Open sauravjoshi opened 4 years ago
I have a similar question for @mohitsshah: I am trying to fine-tune your model using a new dataset for example Librispeech. However, when I try to to generate Librispeech data and continue training with your provided weights, obtained results are completely wrong and doesn't make sense.

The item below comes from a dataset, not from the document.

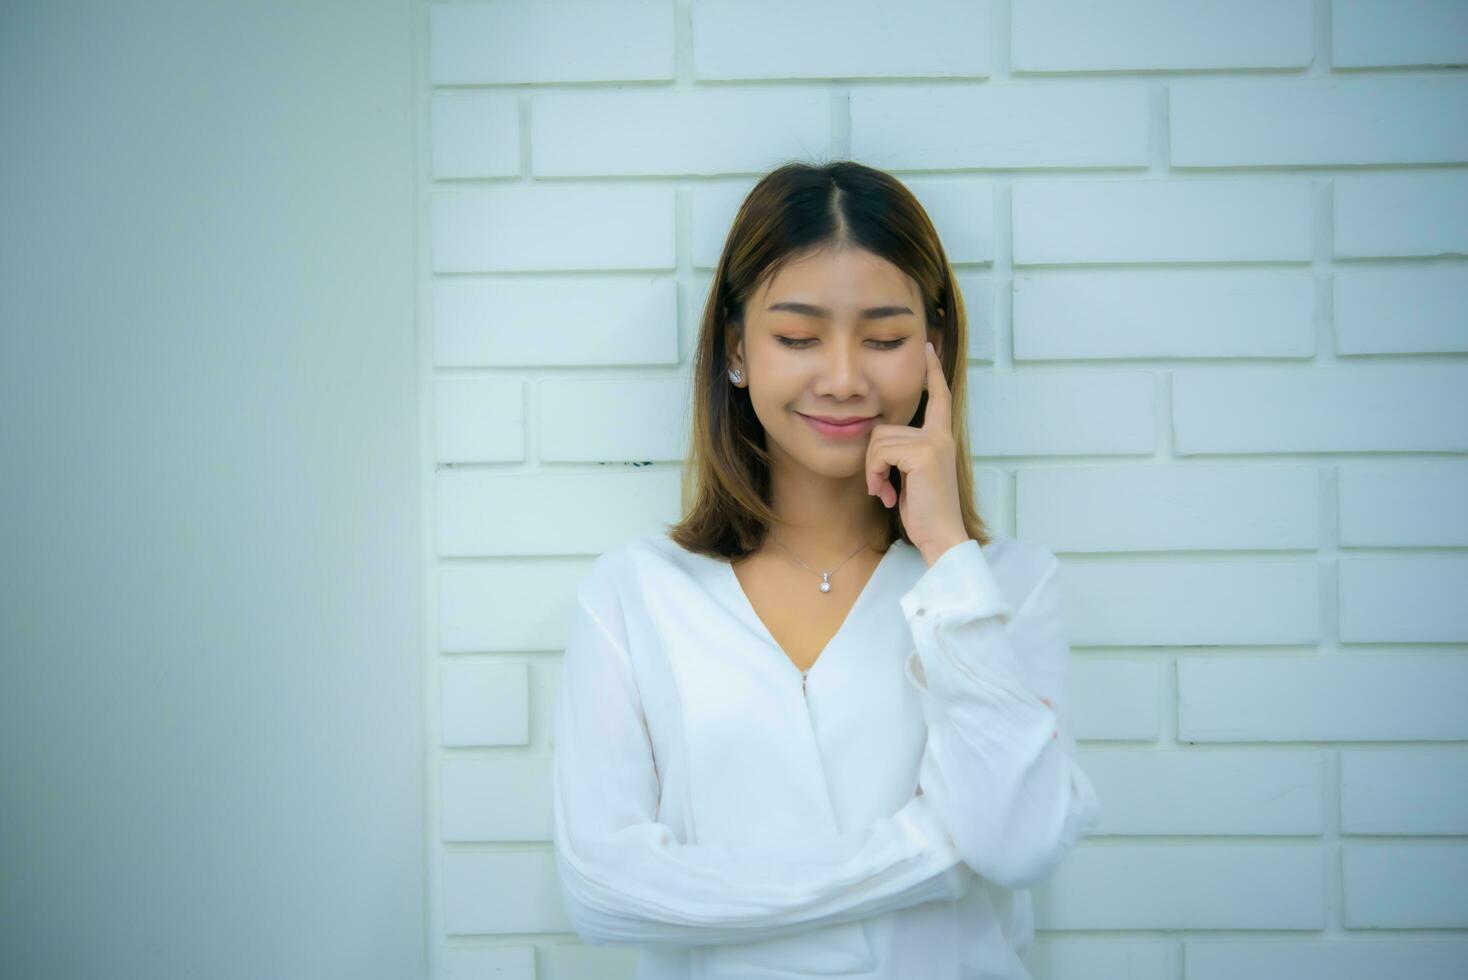 Beautiful asian business woman is standing against a white brick wall, with her hands on her cheeks smiling and closing her eyes, Digital marketing. photo

I am using the following script to continue training the model:
DATA_DIR=/media/disk3/Voice2text/t2t_data/ TMP_DIR=/media/disk3/Voice2text/t2t_datagen/ TRAIN_DIR=/media/disk3/Voice2text/t2t_train/librispeech_english/
PROBLEM=at16k_subword
python /media/disk3/Voice2text/env/lib/python3.6/site-packages/tensor2tensor/bin/t2t_trainer.py \ --t2t_usr_dir=/media/disk3/Voice2text/ \ --data_dir=$DATA_DIR \ --output_dir=$TRAIN_DIR \ --model=transformer \ --worker_gpu_memory_fraction=0.9 \ --hparams_set=transformer_librispeech_tpu \ --hparams=max_length=295650,max_input_seq_length=3650,max_target_seq_length=250 \ --train_steps=7000000 \ --problem=$PROBLEM \ --allow_growth=True
Can you provide the data generation command that you used applied for example to Librispeech dataset and containing your flags?
I'm relatively new to t2t and was studying leveraging it for ASR when I came across your work. Amazing work done @mohitsshah with proper explanation over at16k. The results are pretty impressive. I'm planning to extend the model for domain-specific approach with an overview of extending the vocab. Would like your assist onto the following.

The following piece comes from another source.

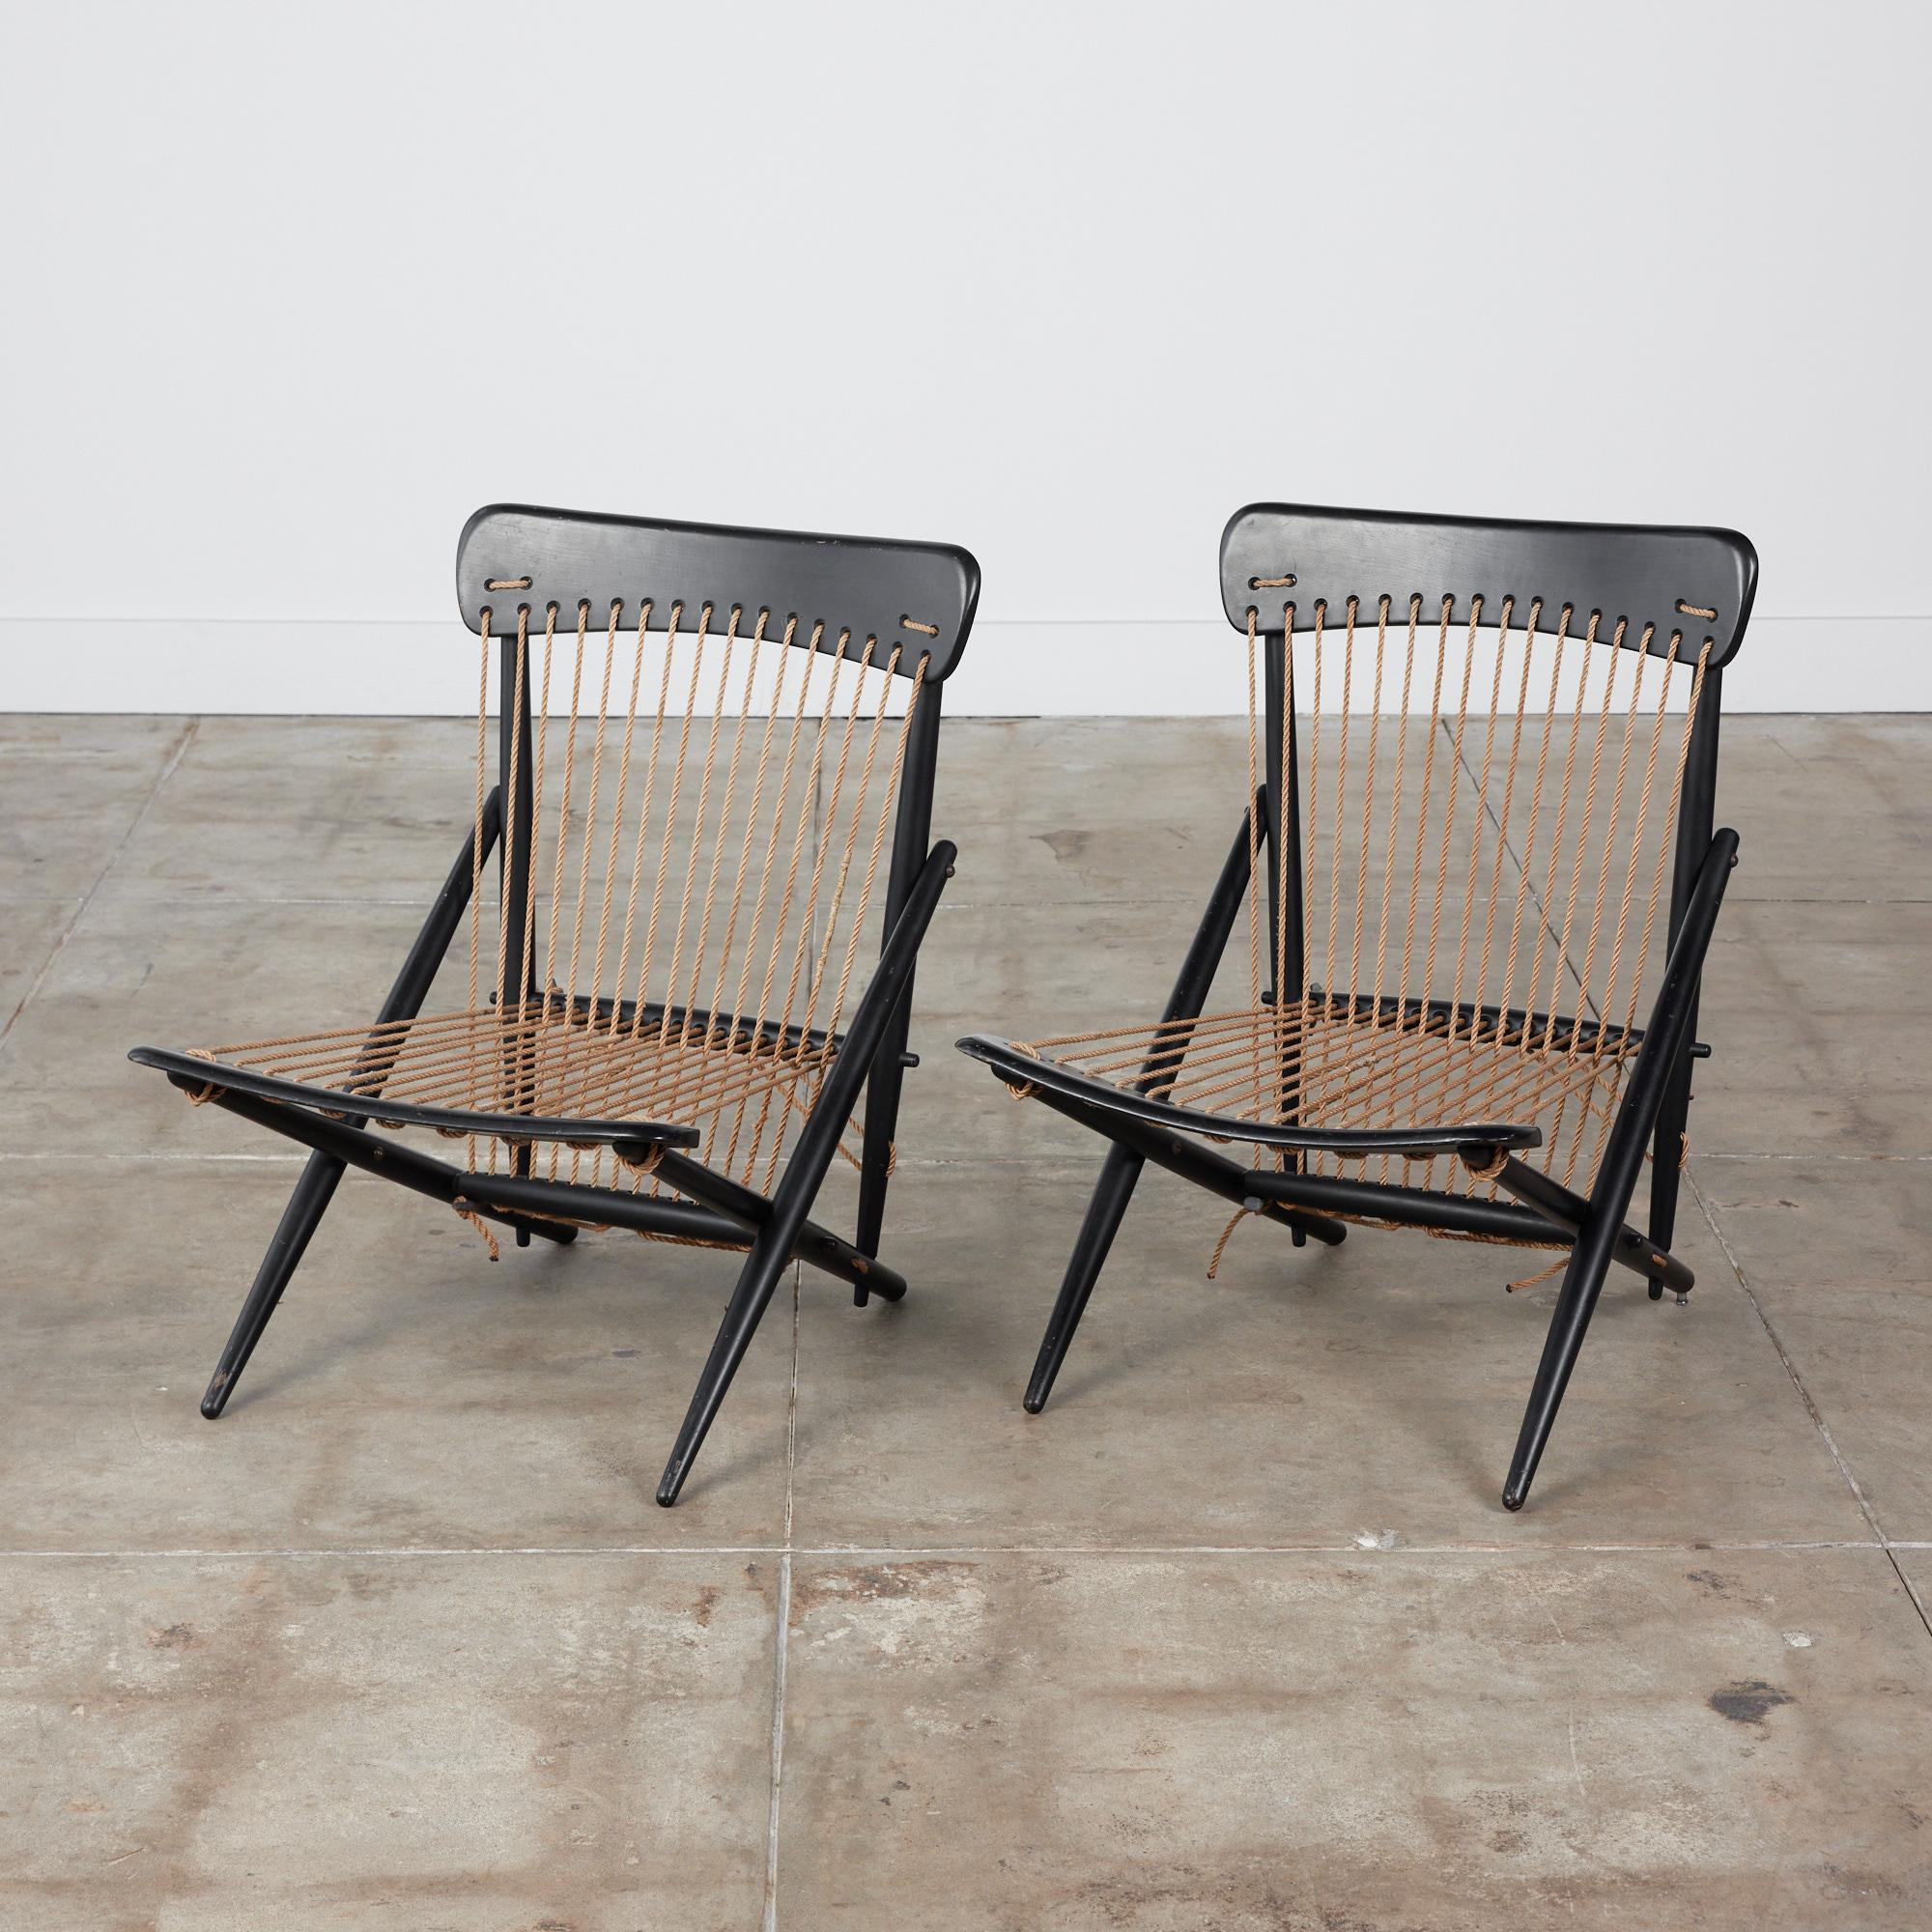 Pair of Maruni rope lounge chairs, circa 1950s, Japan. The chairs feature an ebonized beech wood frame and are contrasted by their camel tension roped seat and seat back. These minimalist chairs have to look of a folding seat but are in a set

The class At16kSubword has property of multiprocess_generate set as true this certainly means the data is being generated as several multiple processes. What was your config over this and depending upon the hours of data, what was time-spent?

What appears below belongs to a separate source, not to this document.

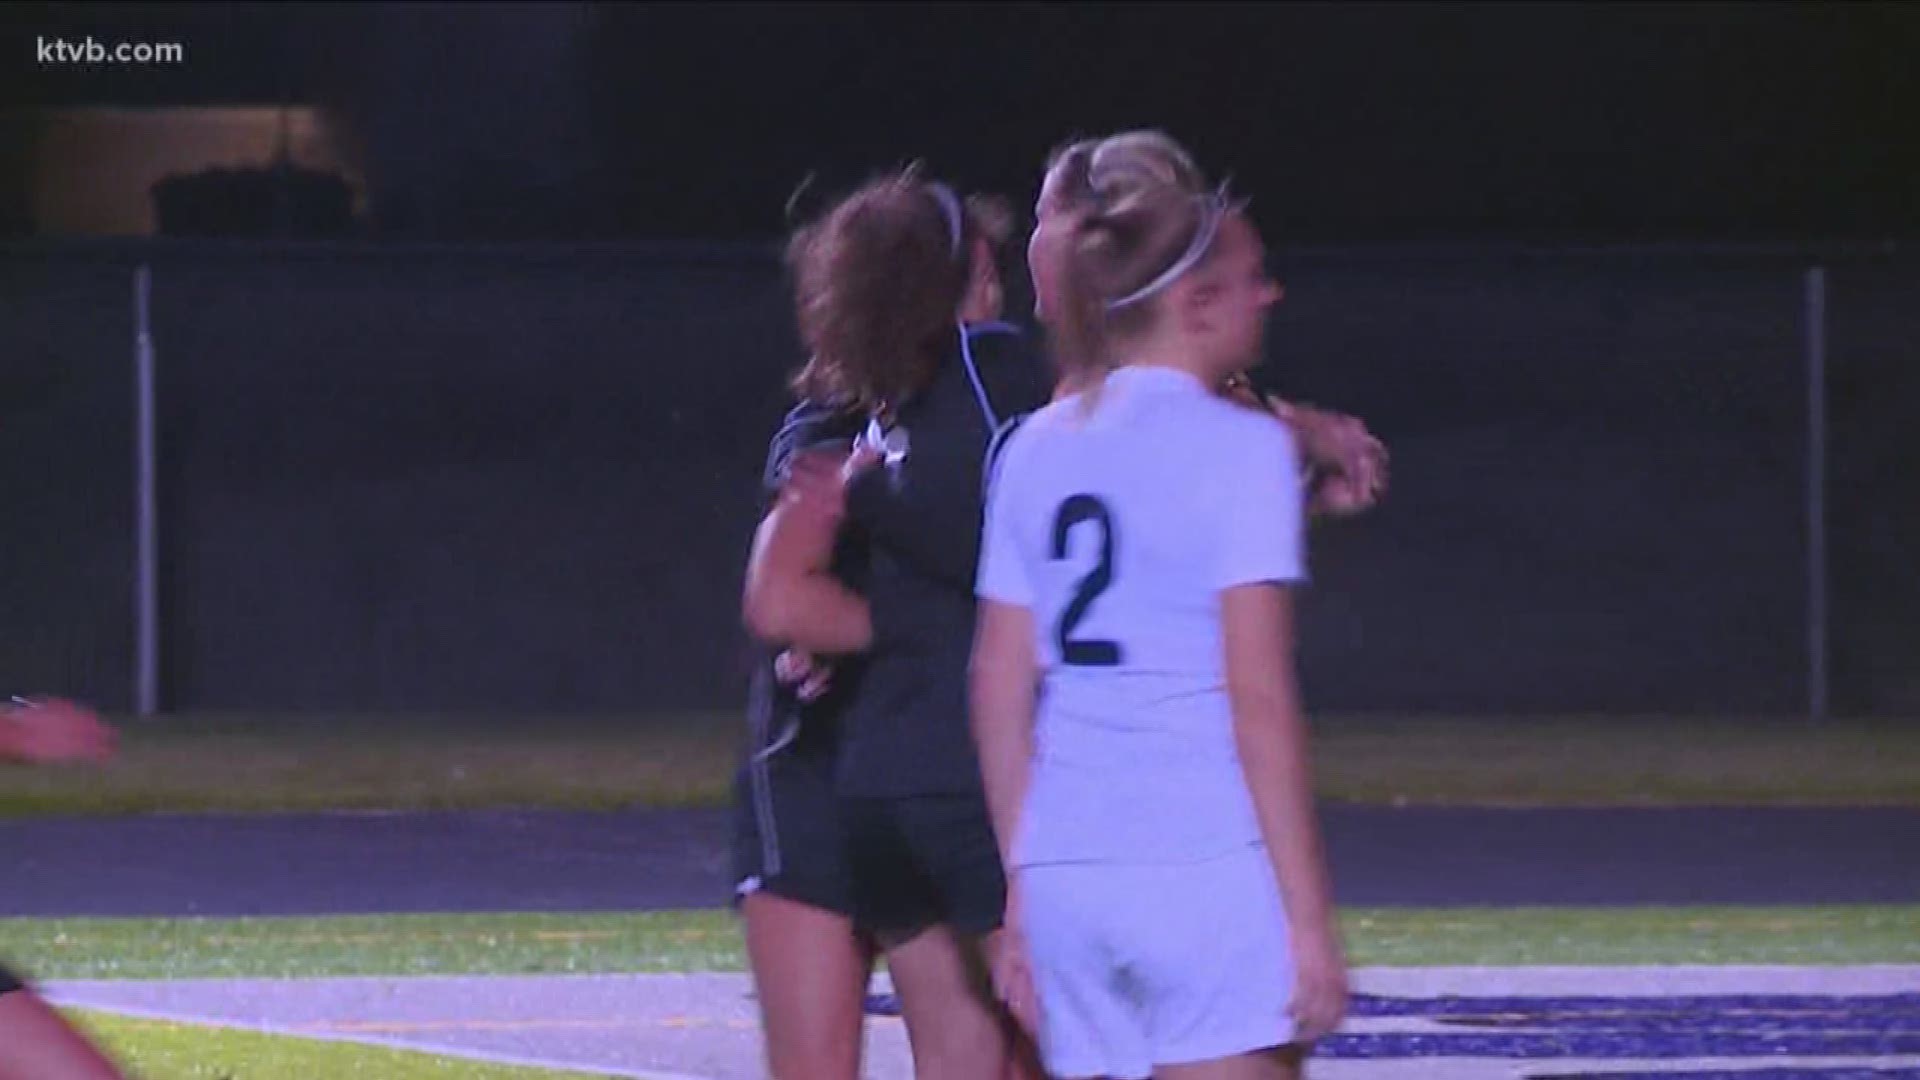 Timberline vs. Mountain View girls district soccer highlights. The Wolves are headed to the state tournament after beating the Mavericks 4-2 in PK's.

Also the core generate_data and generator functions aren't defined, what was the data you build it? Did you leveraged the librispeech and added you'rs own data. Those two function definition would be required to keep in sync with the additional data I'll be fine-tuning on. Could you provide that?
The approx_vocab_size is defined as 1000 only? If our goal is to extend the vocab, and we are utilising the existing vocab which is getting used in feature_encoders(), will the new sub-words be added to this or a new vocab with additional sub-words shall be created, because as far as i know the vocab is generated in data-gen phase ?
Can you provide the data generation command that you used that would be containing the additional FLAGS. The training command used with the additional FLAGS could be provided?